El 11 de marzo se cumplen 30 años del fin de la dictadura cívico-militar encabezada por el general Augusto Pinochet. Chile fue el último país de Sudamérica que recuperó la democracia, tras Bolivia, Argentina, Brasil, Uruguay y Paraguay, y el único que heredó una Constitución impuesta por el régimen, junto con los “amarres autoritarios” que, tras la derrota en el histórico plebiscito del 5 de octubre de 1988, Pinochet y su círculo de hierro se preocuparon de atornillar, en lo que denominaron pomposamente “una retirada ordenada”.
La dictadura, instalada con el apoyo de Nixon y Kissinger, expiraba cuando caía el muro de Berlín y la Guerra Fría llegaba a su término.
El 11 de marzo de 1990, Patricio Aylwin, quien como líder de la Democracia Cristiana avaló públicamente el golpe de Estado del 11 de septiembre de 1973, inició su mandato presidencial.
Empezaba una larga transición vigilada por el exdictador, quien desde su pedestal de la jefatura del Ejército, que mantuvo aún ocho años más hasta culminar una carrera militar de 65 años, se preocupó de preservar los privilegios antidemocráticos de las Fuerzas Armadas.

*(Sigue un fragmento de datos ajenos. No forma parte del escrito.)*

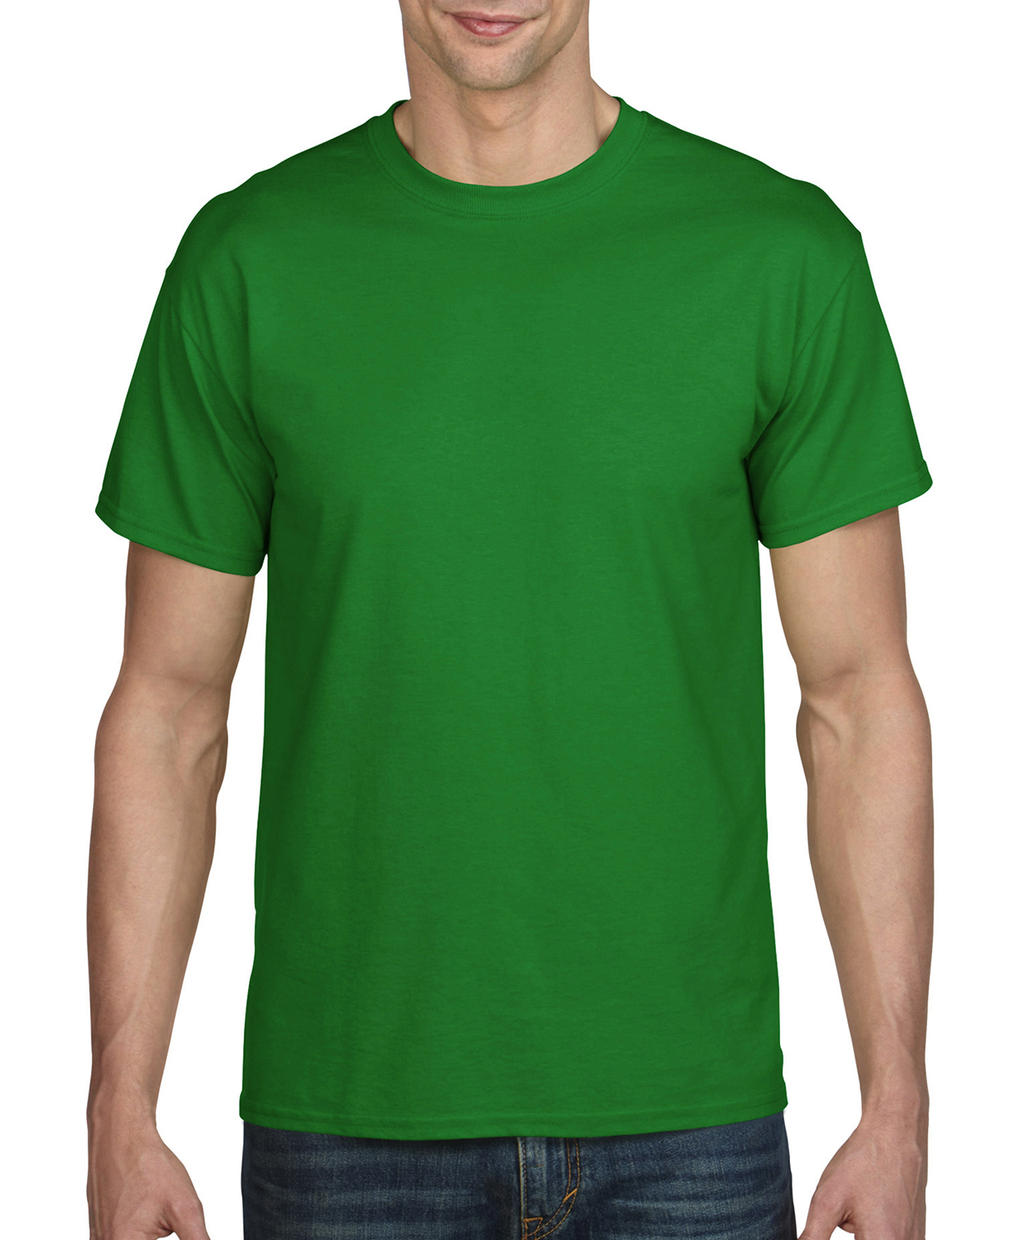  DryBlend? Adult T-Shirt in Farbe Irish Green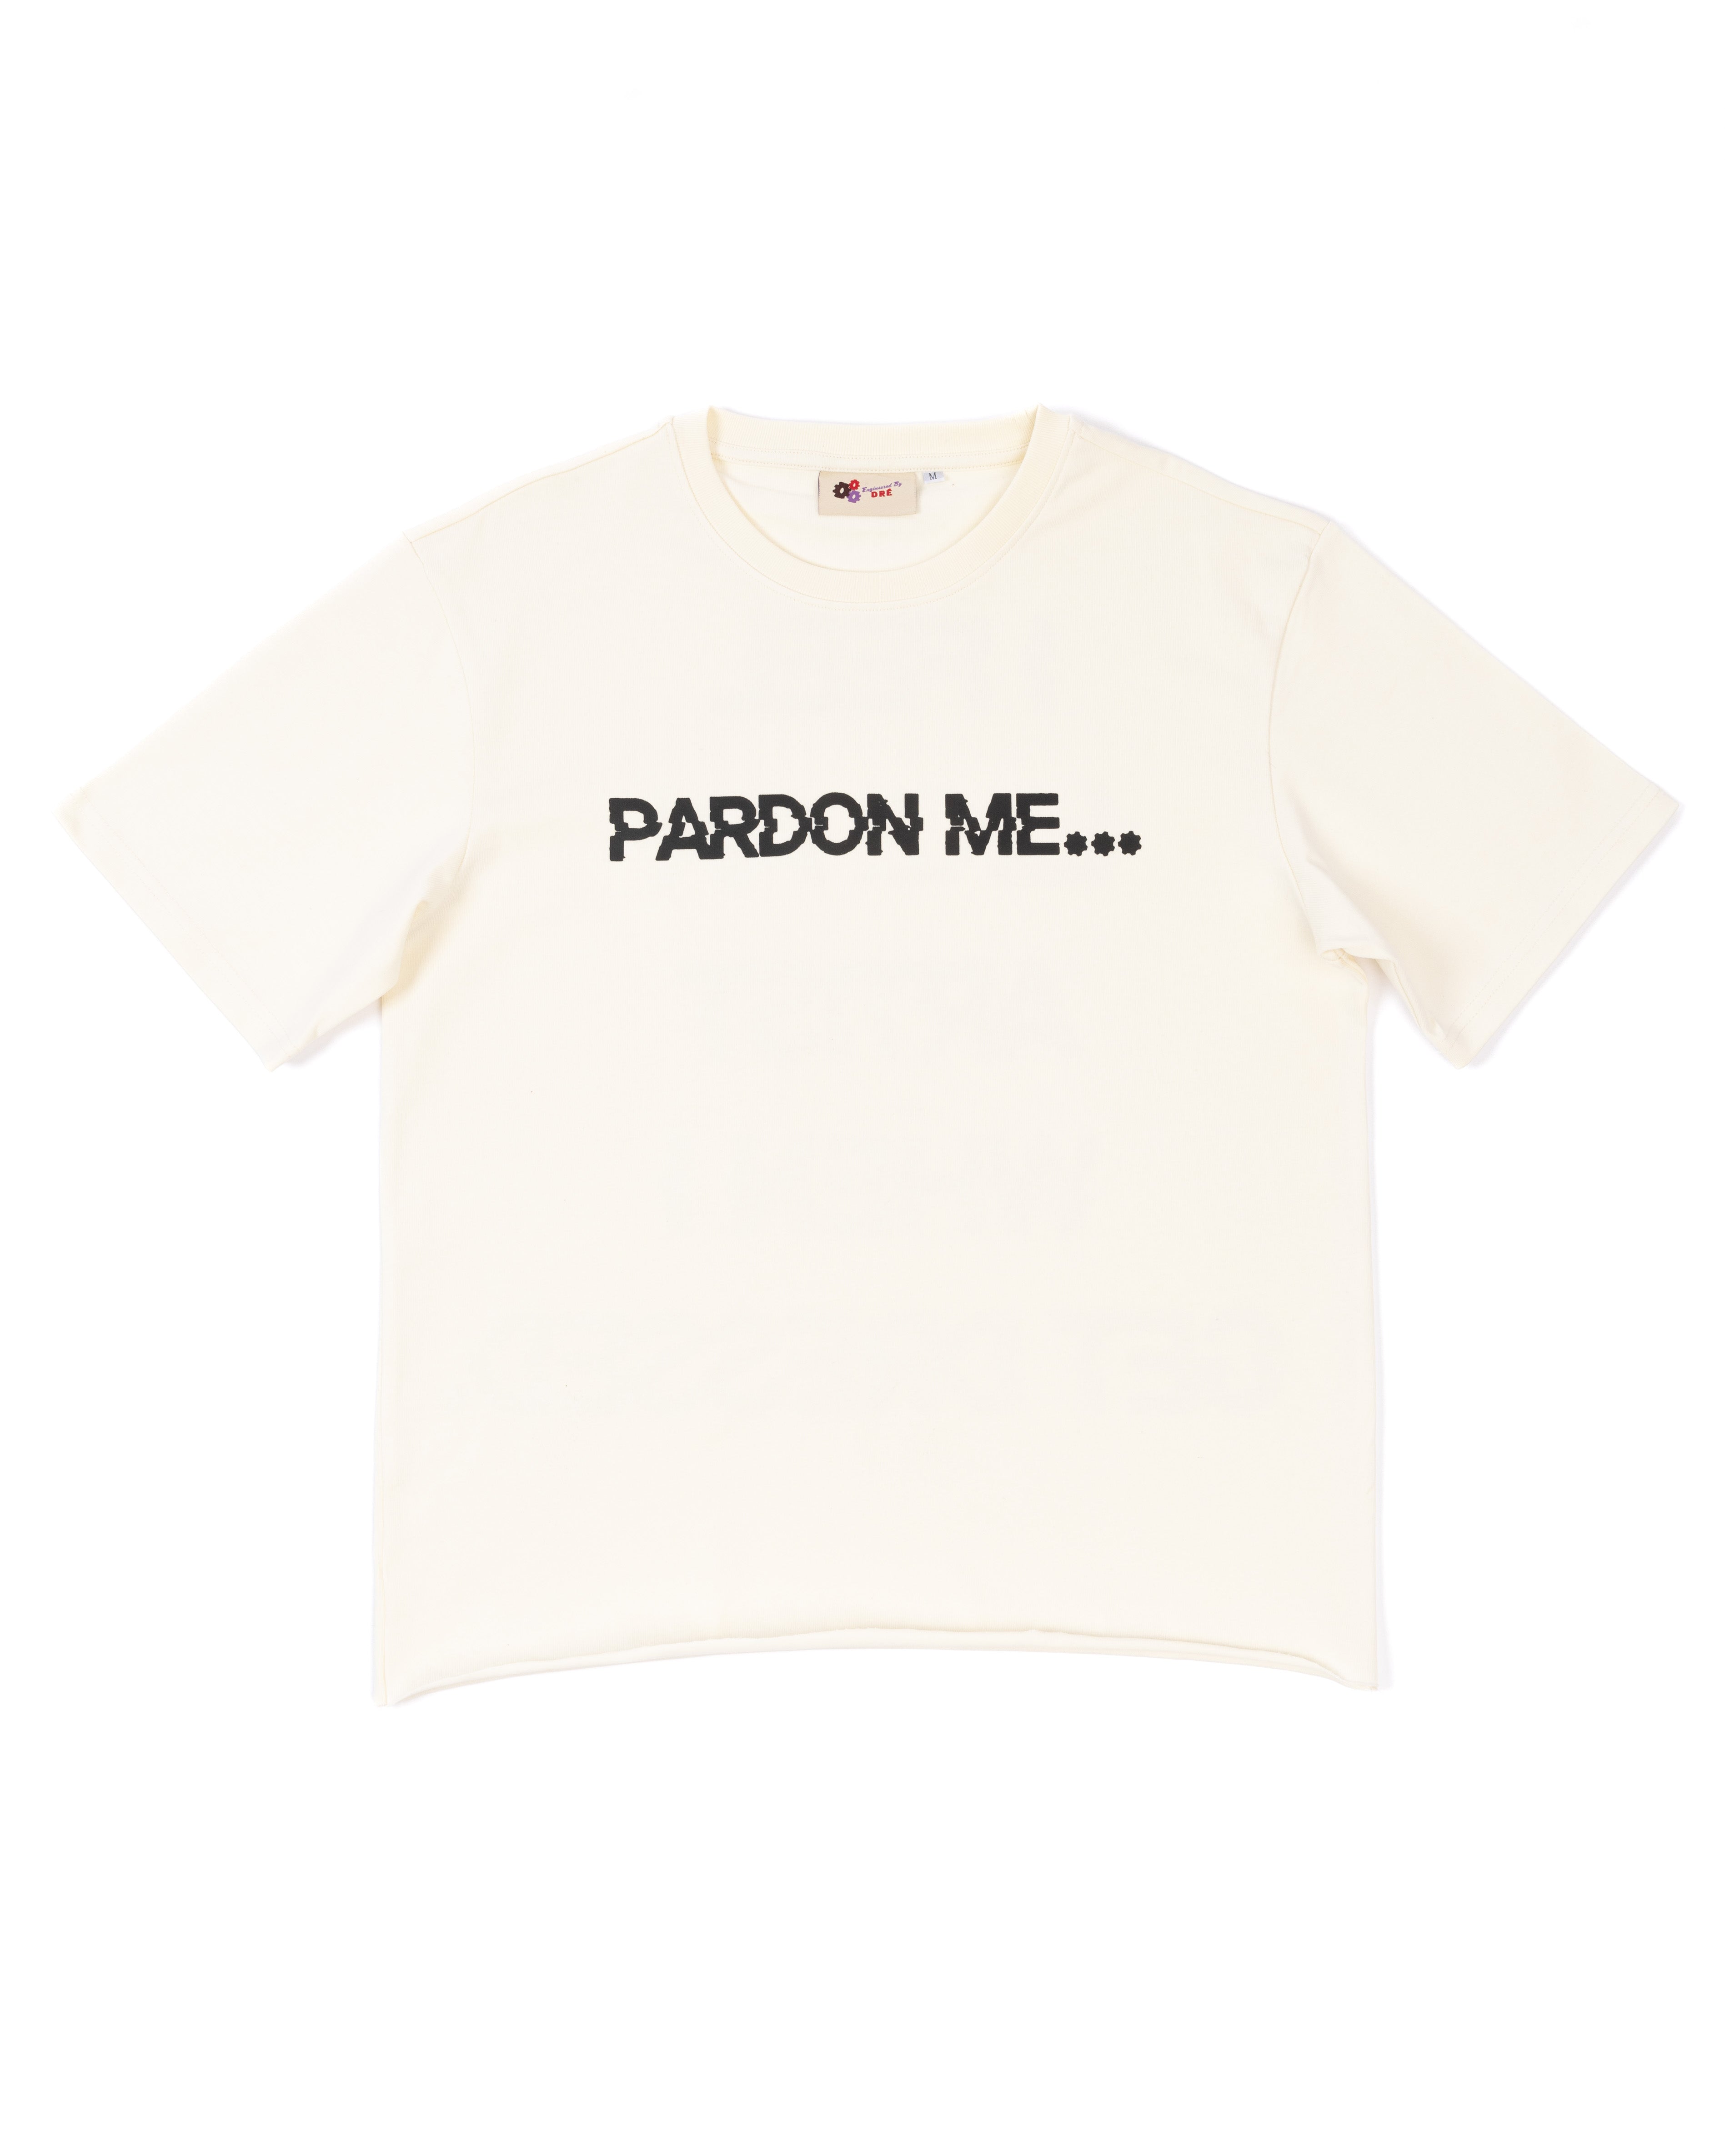 [CREAME] Pardon Me Tee

Su detención en Londres a petición de la justicia española, aquel memorable 16 de octubre de 1998, abrió paso al fin de la impunidad y a la recuperación de la memoria democrática.
En agosto de 2005 fue posible terminar con los enclaves autoritarios (desaparición de los senadores designados y vitalicios, supresión del rol tutelar de las Fuerzas Armadas y de la inamovilidad de sus comandantes en jefe…) y en mayo de 2015 se concretó la sustitución de la ley electoral binominal, que otorgaba una sobrerrepresentación a la derecha, por la proporcional actualmente vigente.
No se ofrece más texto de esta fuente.